Since an electrolytic copper plating process by electrolysis is not
performed at the time of plating a surface of the insulating film
120, an electroless copper plating process achieved by a
precipitation reaction is firstly performed and then an
electrolytic copper plating process is performed. The electroless
copper plating process, which is a process of plating a surface of
a nonconductor (an insulator), has a difficulty in thickening a
plating film and has poor physical properties as compared to the
electrolytic copper plating process. After the electroless copper
plating process is performed, the electrolytic copper plating
process may be performed using conductivity obtained by the
electroless copper plating process, wherein the electrolytic copper
plating process is easy to form a thickly coated plating film and
has excellent physical properties of the film. Therefore, the
electroless copper plating process is a primary plating process for
the electrolytic copper plating process, which is performed as a
pre-treatment process for smoothly progressing the electrolytic
copper plating process and therefore, may not be used as it is, and
a plating performance thereof may be supplemented by further
performing the electrolytic copper plating process. As described
above, the copper thin film 130 formed on the insulating film 120
may be formed so as to have the entire thickness of the printed
wiring board and a thickness of 3 to 10 .mu.m of the plating layer
depending on a degree of fine patterning process.
[0028] In addition, an amorphous alloy film 140 may be formed on
the copper thin film 130. The amorphous alloy film may be subjected
to a sputtering deposition method, wherein an amorphous alloy is
used in the sputtering deposition method. Representative examples
of a method of forming an amorphous alloy film include a thermal
spray method and a sputtering deposition method, and the sputtering
deposition method is usually used. Hereinafter, a method of forming
the amorphous alloy film by using the sputtering deposition method
will be mainly described.
[0029] The amorphous alloy film is formed using the amorphous
alloy, wherein the amorphous alloy may be two or more kinds of
alloys selected from Cu, Ag, Zn, Au, Ni, Sn, Mo, Nb, and B, and
among them, may contain copper (Cu) in a content of 40 to 70 at %,
nickel (Ni) in a content of 20 to 30 at %, molybdenum (Mo), niobium
(Nb), and boron (B). In addition, the amorphous alloy may be a high
melting point metal material maintaining the insulating film having
the copper thin film formed thereon at a low temperature and being
closely adhered on the copper thin film without pores under vacuum
pressure in a sputtering apparatus. Here, the high melting point
amorphous alloy indicates molybdenum (Mo) and niobium (Nb).
[0030] The amorphous alloy film is formed in order that the copper
thin film 130 simultaneously has corrosion-resistance and
conductivity, and the corrosion-resistance and conductivity may be
controlled by adjusting an alloy ratio in different kinds including
copper (Cu) and nickel (Ni). Here, in the case in which chromium
(Cr) is contained in the amorphous alloy, since a passivity film
having high insulating property is formed due to a Cr oxide,
causing a problem in conductivity, it is preferred that Cr is not
contained in the amorphous alloy.
[0031] In addition, since metals such as molybdenum (Mo) and
niobium (Nb) have high melting point of 2,610 and 2,740,
respectively, it is difficult to melt the metals by other
deposition methods rather than the sputtering deposition method.

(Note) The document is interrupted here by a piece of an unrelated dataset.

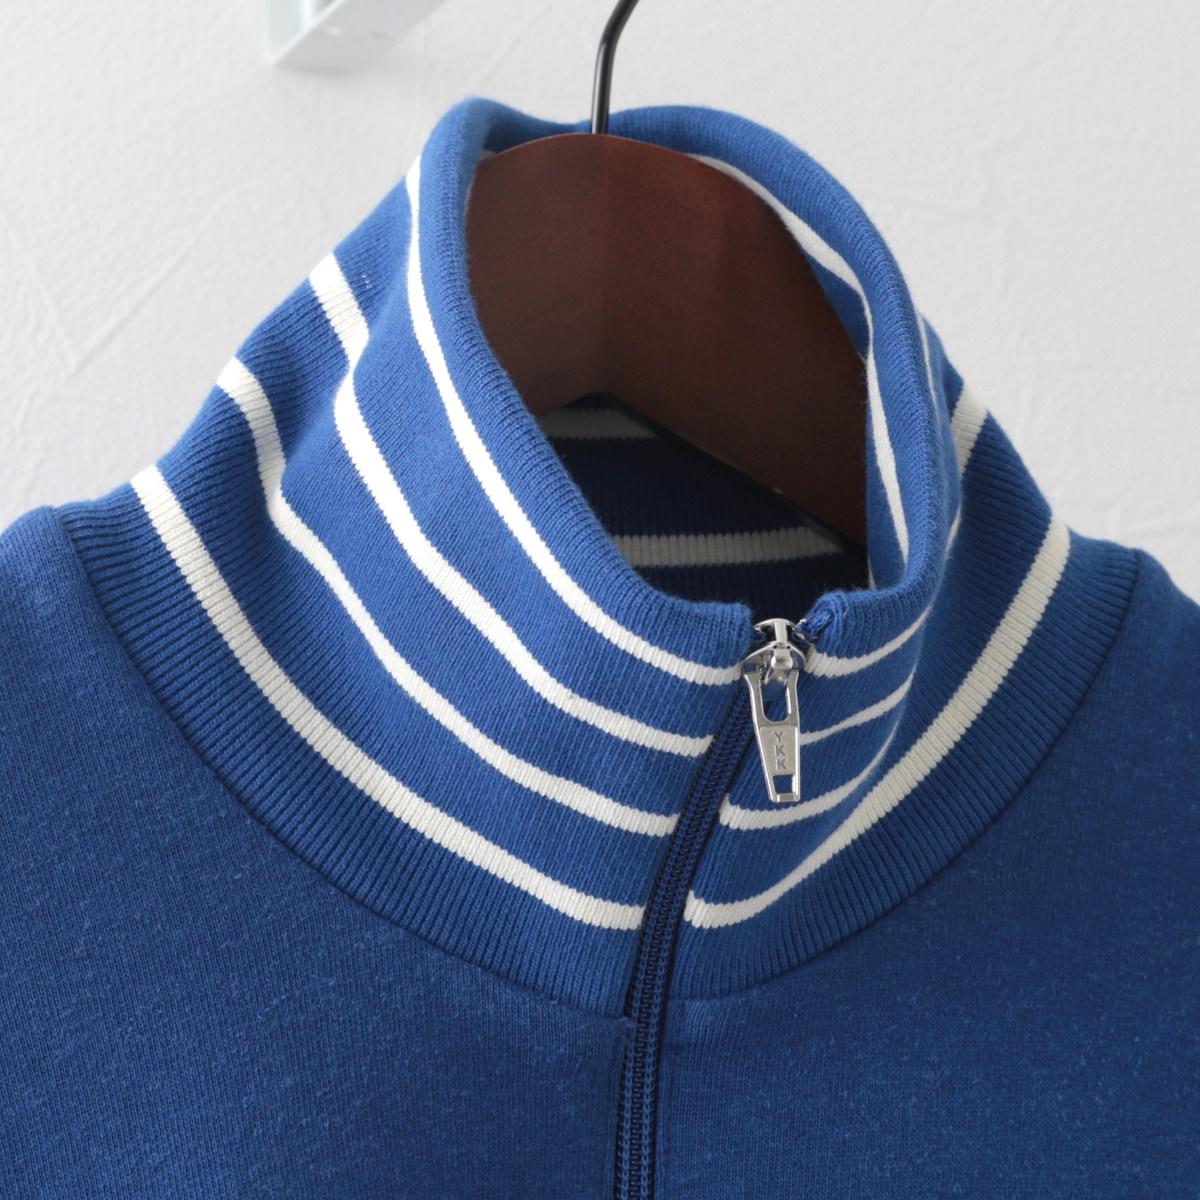 フレッドペリー 秋冬 メンズ ストライプ ネックトラックジャケット Fred Perry ブライトブルー 正規販売店 ギフト トラッド

That is, among the thermal spray methods, an atmospheric plasma
thermal spray method having the highest flame temperature of 10,000
to 15,000K is the only method of melting high melting point metals.
However, since the atmospheric plasma thermal spray method is
performed under atmospheric pressure, ambient air is mixed with the
plasma jet flame, causing disadvantages, that is, porosity is
increased and adhesion strength is weakened. Due to the
above-described reasons, the sputtering deposition method is more
preferred than the thermal spray method as a deposition method of
molybdenum (Mo) and niobium (Nb). That is, by using the sputtering
deposition method, high melting point materials may be manufactured
as a thin film at a relatively low temperature and a uniform film
in a large area may be obtained. In addition, since the sputtering
deposition method is performed under a vacuum state without causing
a chemical reaction, pores are not formed, such that a film having
strong adhesion strength with a substrate may be obtained.
Therefore, in the case of metals such as molybdenum (Mo) and
niobium (Nb), it is preferred that the amorphous alloy film is
formed by using the sputtering deposition method.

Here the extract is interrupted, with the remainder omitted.